■ YOUR GOAL ■
The lines from the one containing "Gruppe von Frauen" through the final line of the listing below are what the answer must repeat, exactly and only, leaving pictures out.
DATA SECTION Block Start
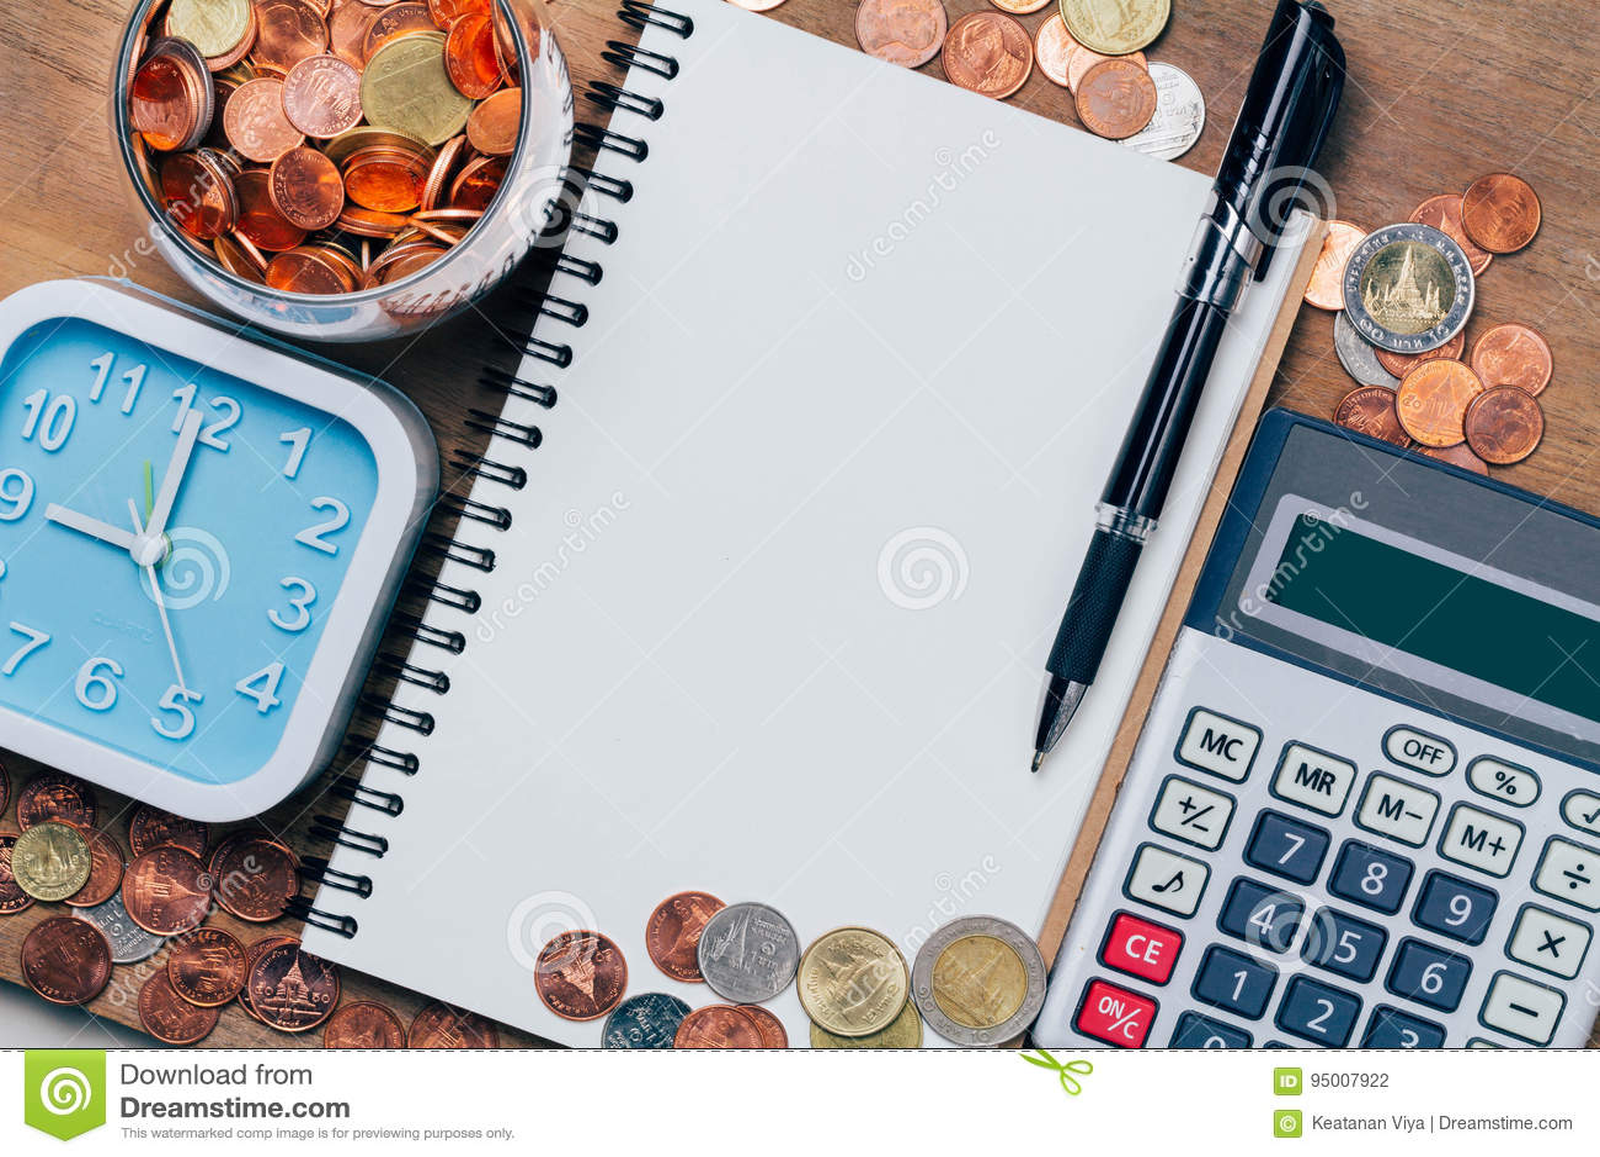 Тайский бат чеканит деньги, финансовый план
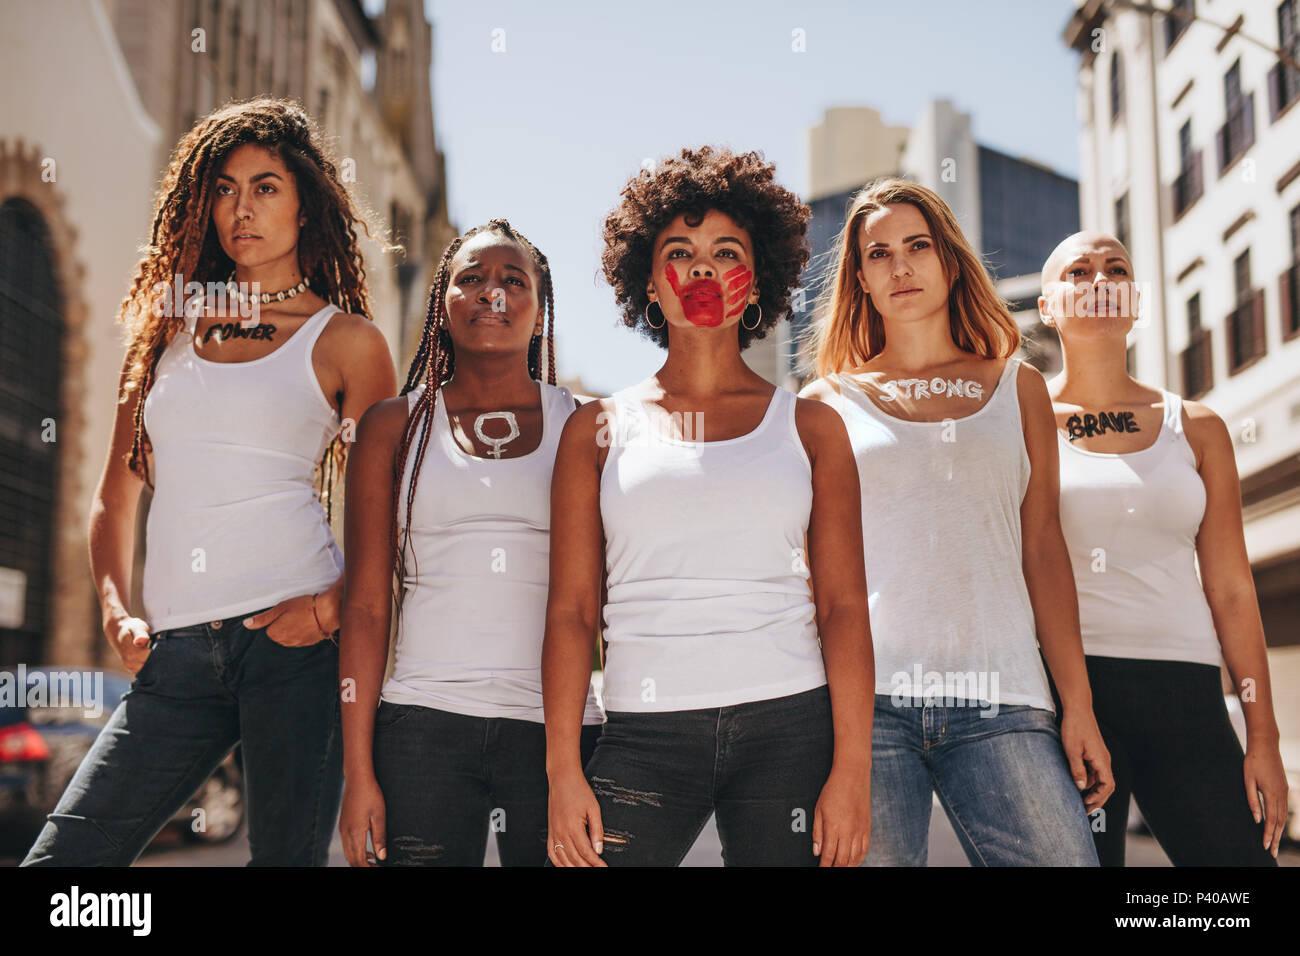 Gruppe von Frauen Demonstranten März auf der Straße für die Rolle der Frauen. Aktivistinnen in dress code demonstrieren im Freien. Stockbild
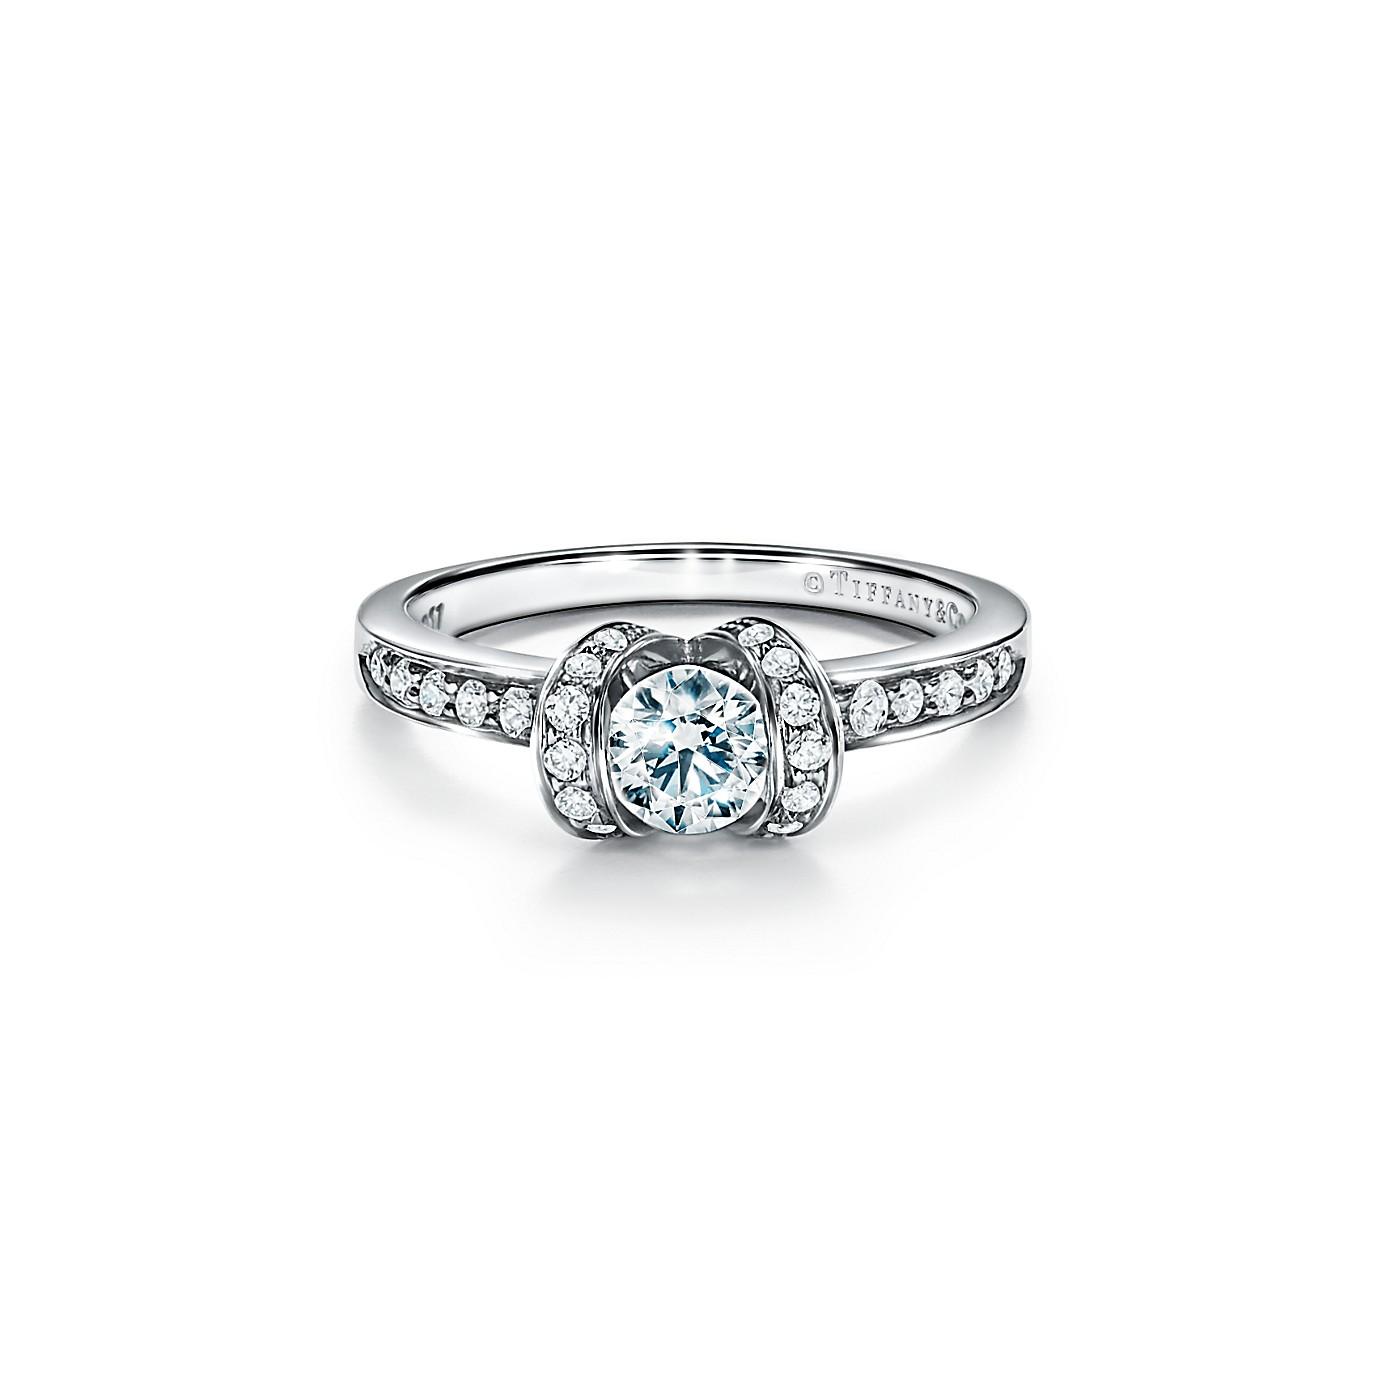 ティファニー リボン エンゲージメント リング(1)―Tiffany & Co.(ティファニー)
DATA SECTION Block End
■ REPLY ■
 Gruppe von Frauen Demonstranten März auf der Straße für die Rolle der Frauen. Aktivistinnen in dress code demonstrieren im Freien. Stockbild
 ティファニー リボン エンゲージメント リング(1)―Tiffany & Co.(ティファニー)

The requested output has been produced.